* [Required action]: Pictures aside, repeat the listing below exactly.

[Given data Boundary: Start]

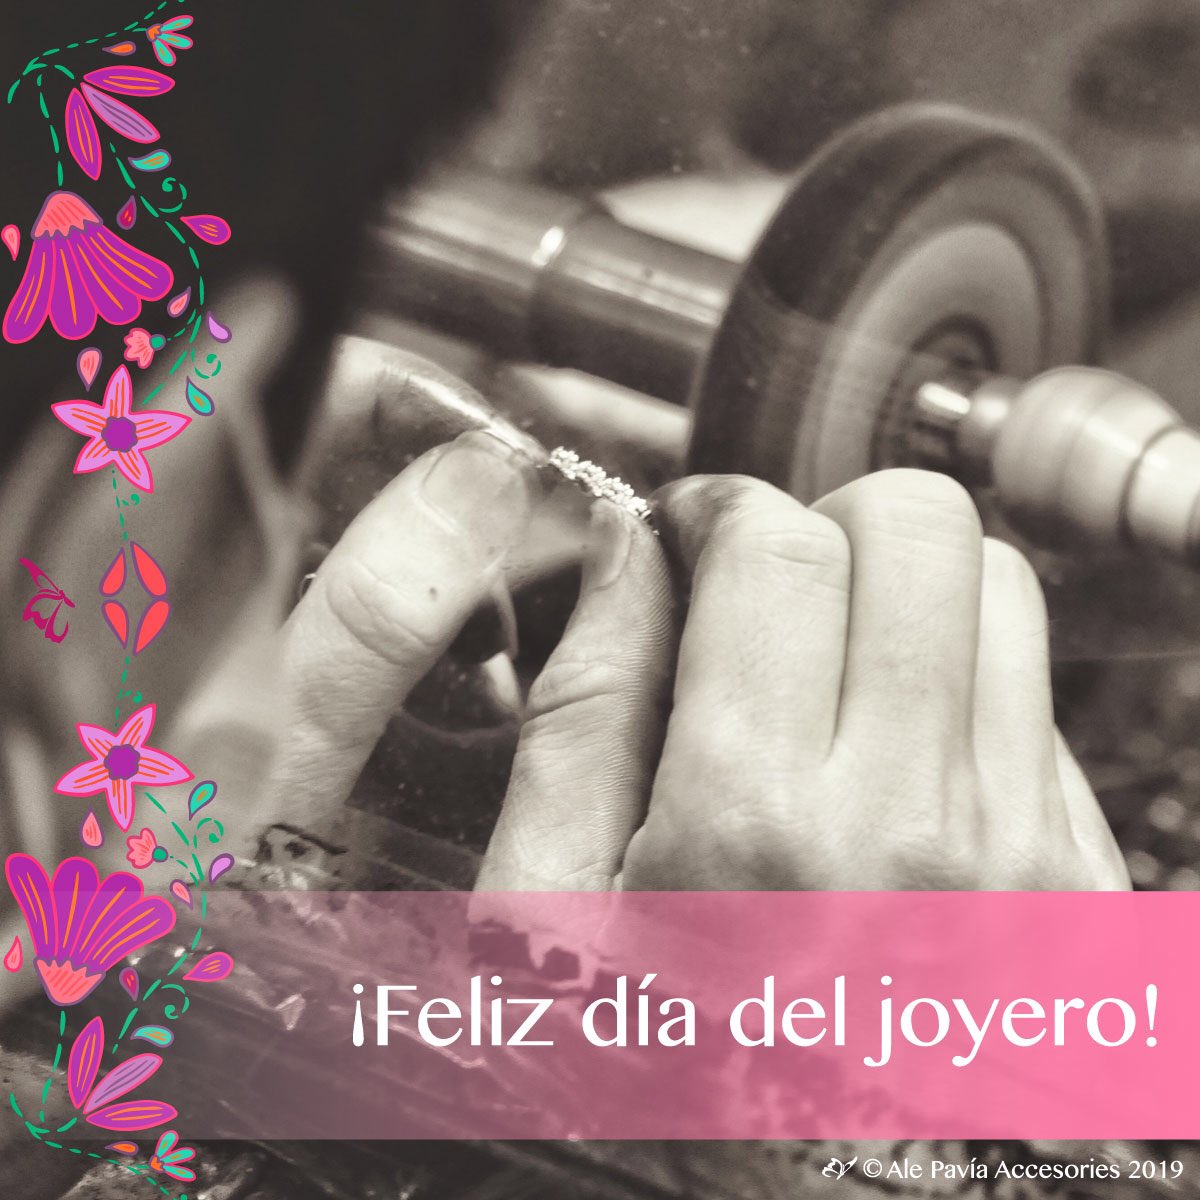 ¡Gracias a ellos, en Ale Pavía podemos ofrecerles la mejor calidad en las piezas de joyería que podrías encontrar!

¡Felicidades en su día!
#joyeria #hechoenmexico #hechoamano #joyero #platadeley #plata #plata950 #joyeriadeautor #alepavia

[Given data Boundary: End]

* [Task result]:
 ¡Gracias a ellos, en Ale Pavía podemos ofrecerles la mejor calidad en las piezas de joyería que podrías encontrar!

¡Felicidades en su día!
#joyeria #hechoenmexico #hechoamano #joyero #platadeley #plata #plata950 #joyeriadeautor #alepavia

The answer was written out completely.